Prompt: Please repeat the listing below exactly, but do not include its pictures.

Dataset section:
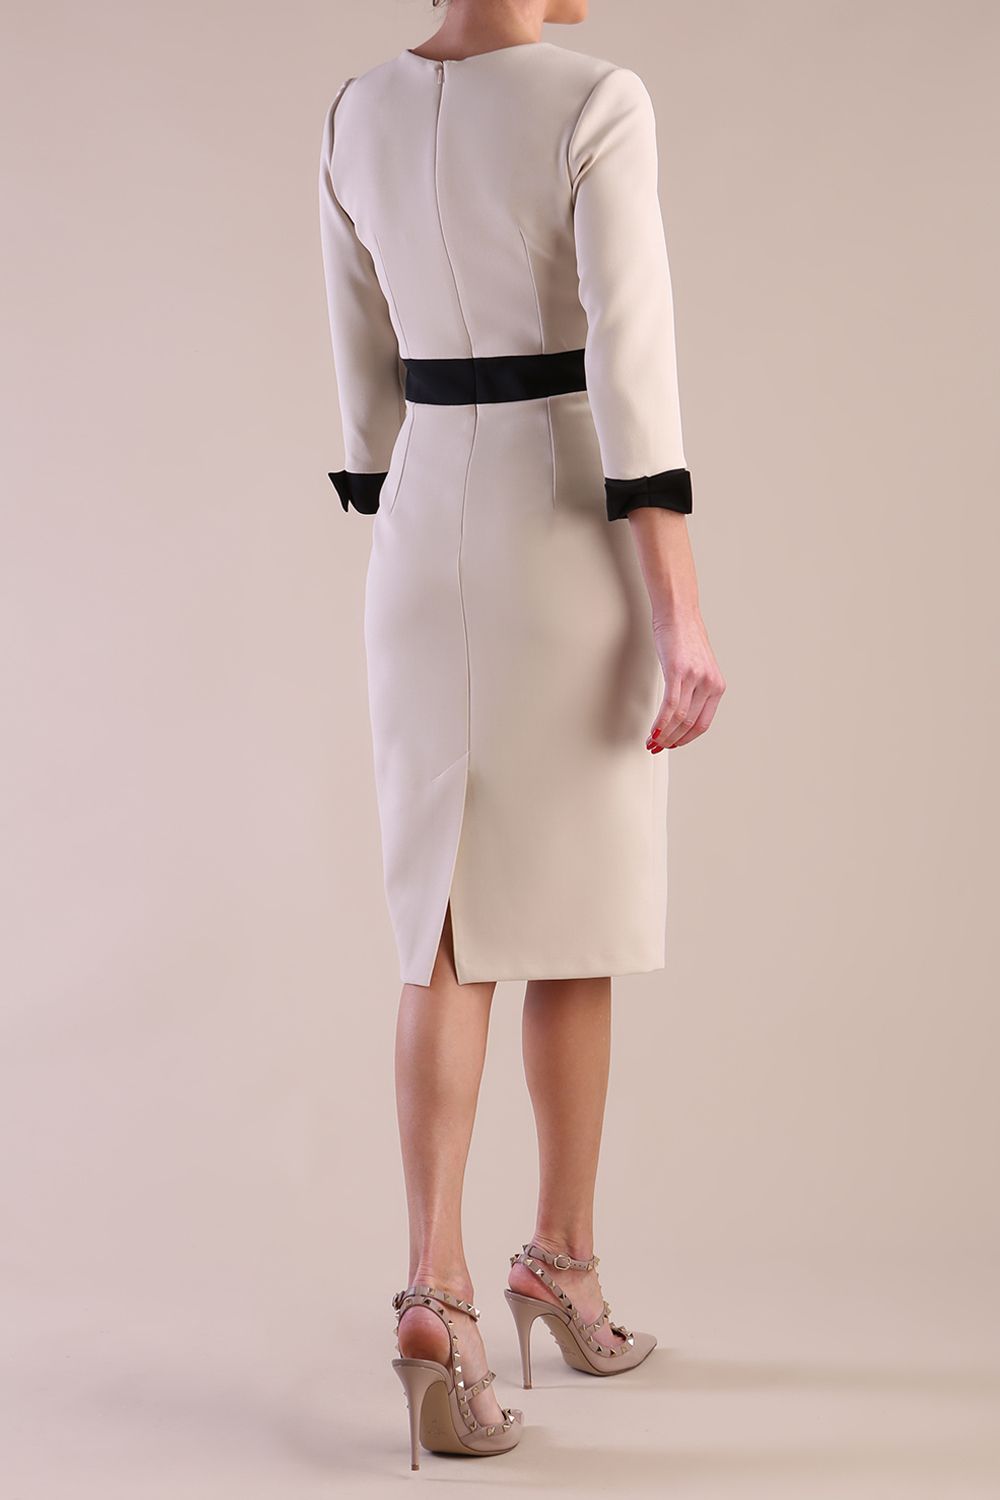 Back Image of Model wearing diva catwalk Reese 3/4 Sleeved pencil skirt dress with a contrast sleeve and waistband details in Sandshell Beige/Black
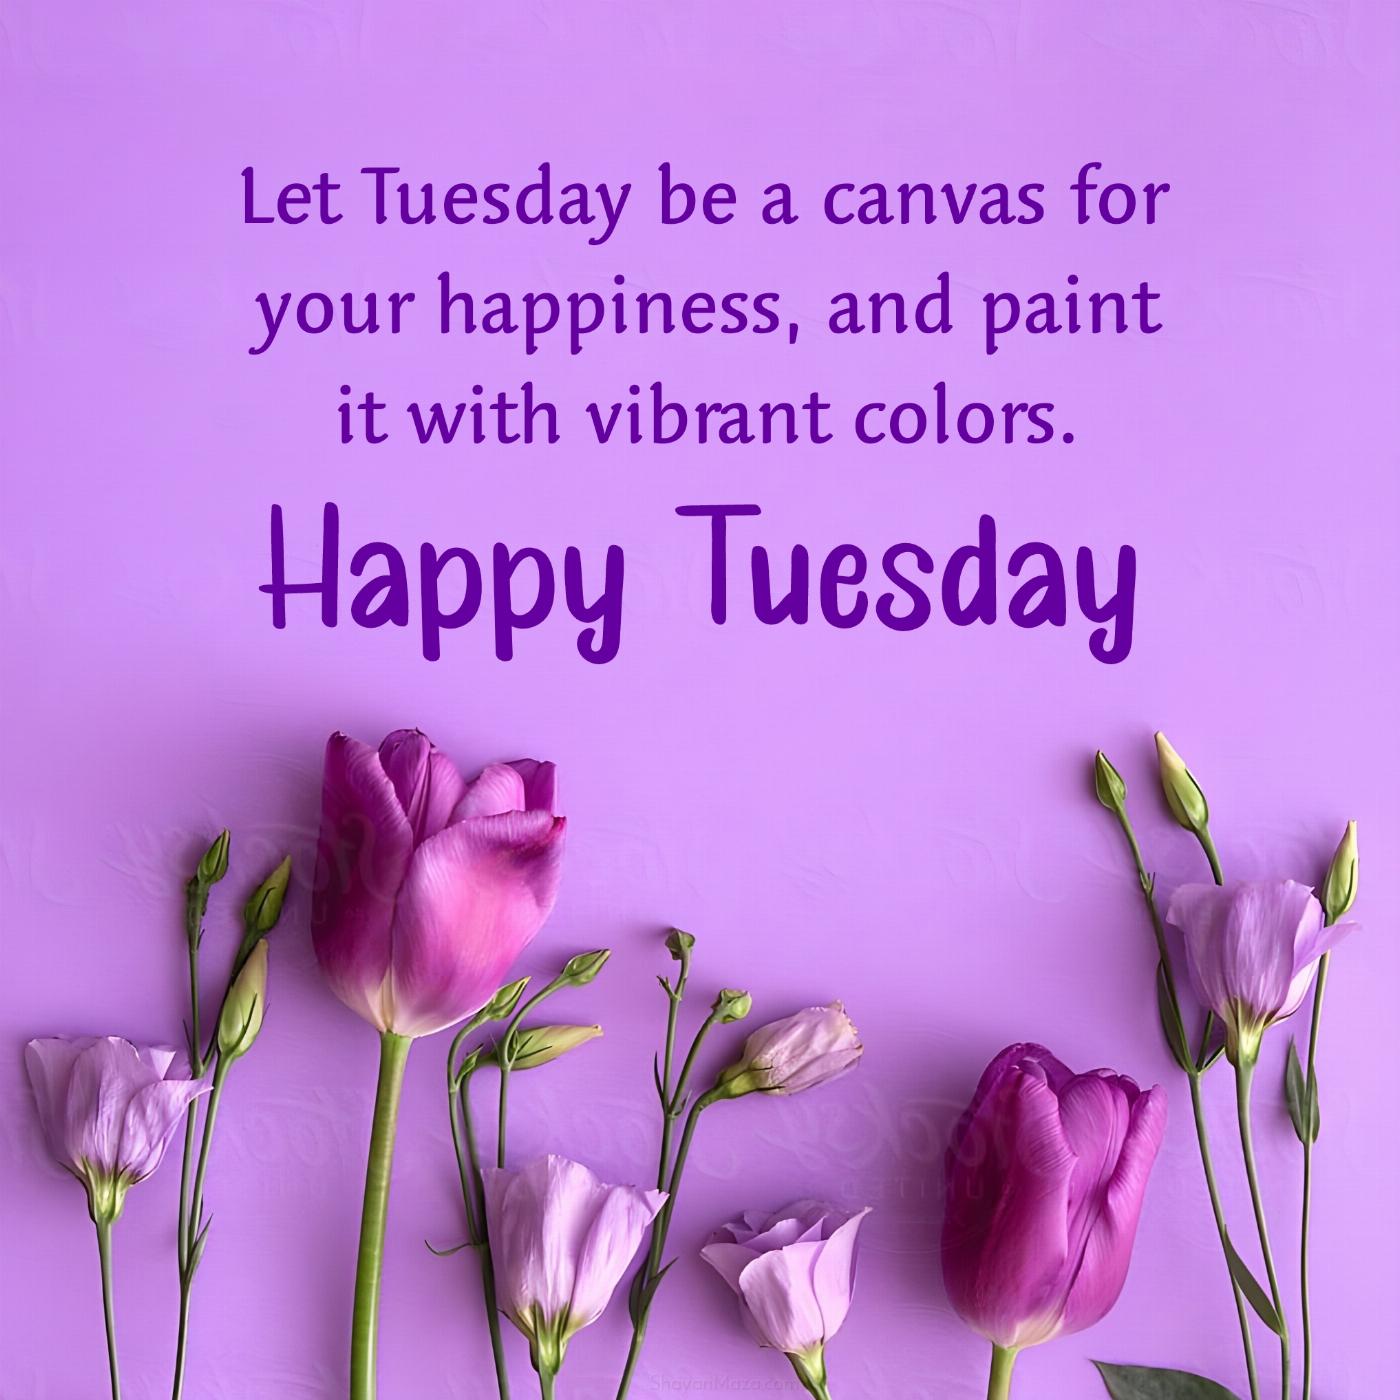 Let Tuesday be a canvas for your happiness and paint it
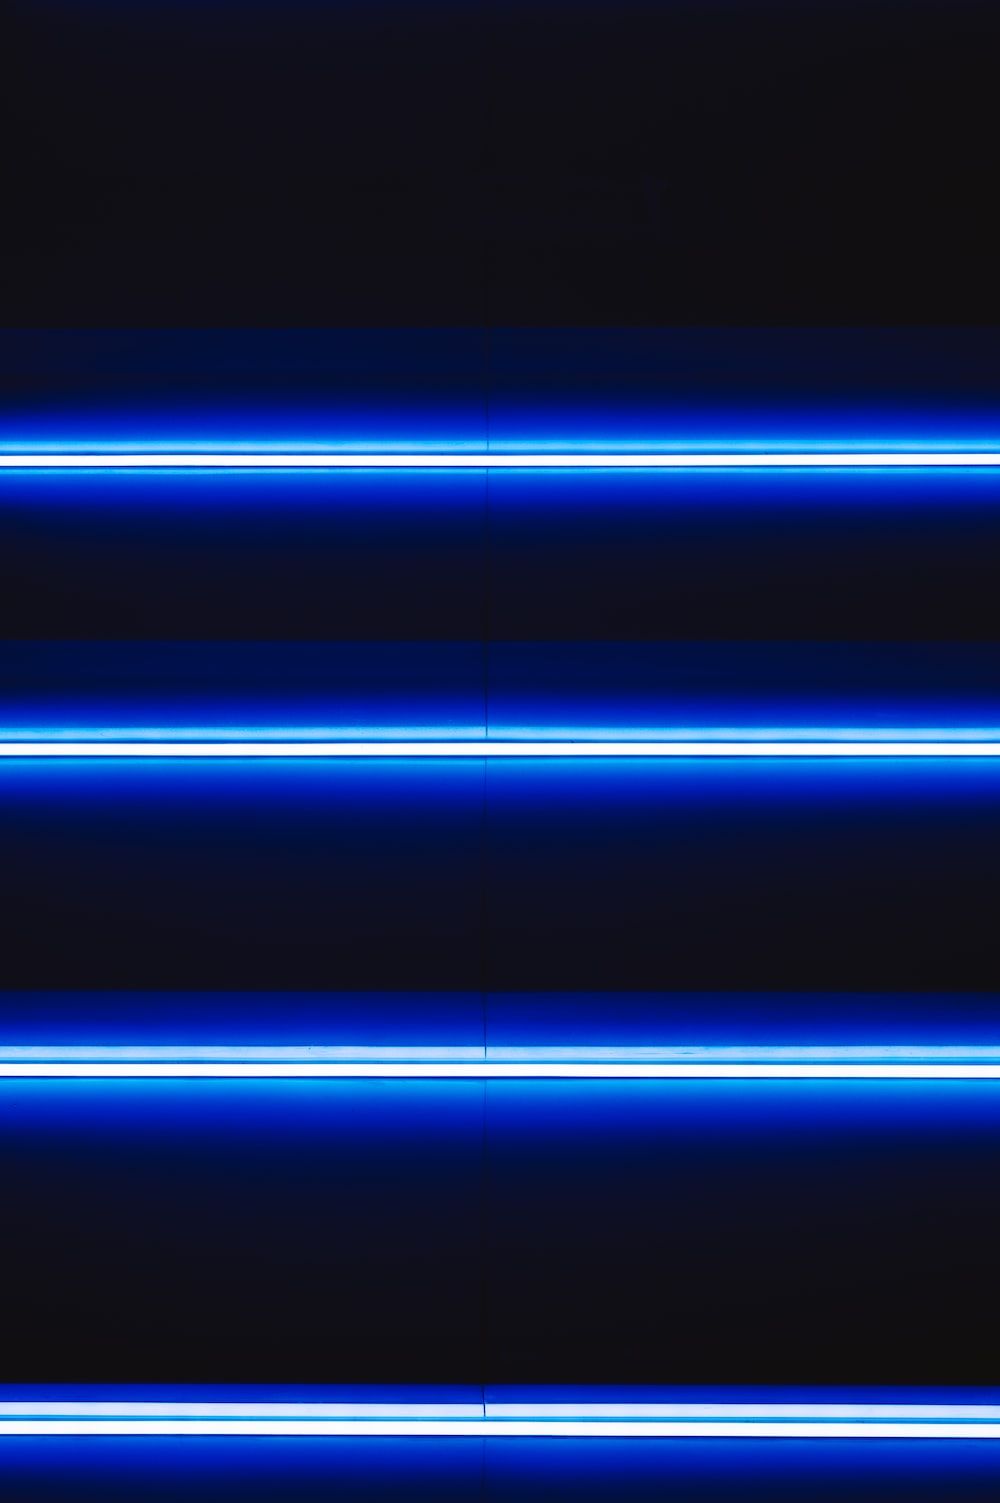 Neon Blue Picture [HD]. Download Free Image

Answer to this problem:
 Back Image of Model wearing diva catwalk Reese 3/4 Sleeved pencil skirt dress with a contrast sleeve and waistband details in Sandshell Beige/Black
 Let Tuesday be a canvas for your happiness and paint it
 Neon Blue Picture [HD]. Download Free Image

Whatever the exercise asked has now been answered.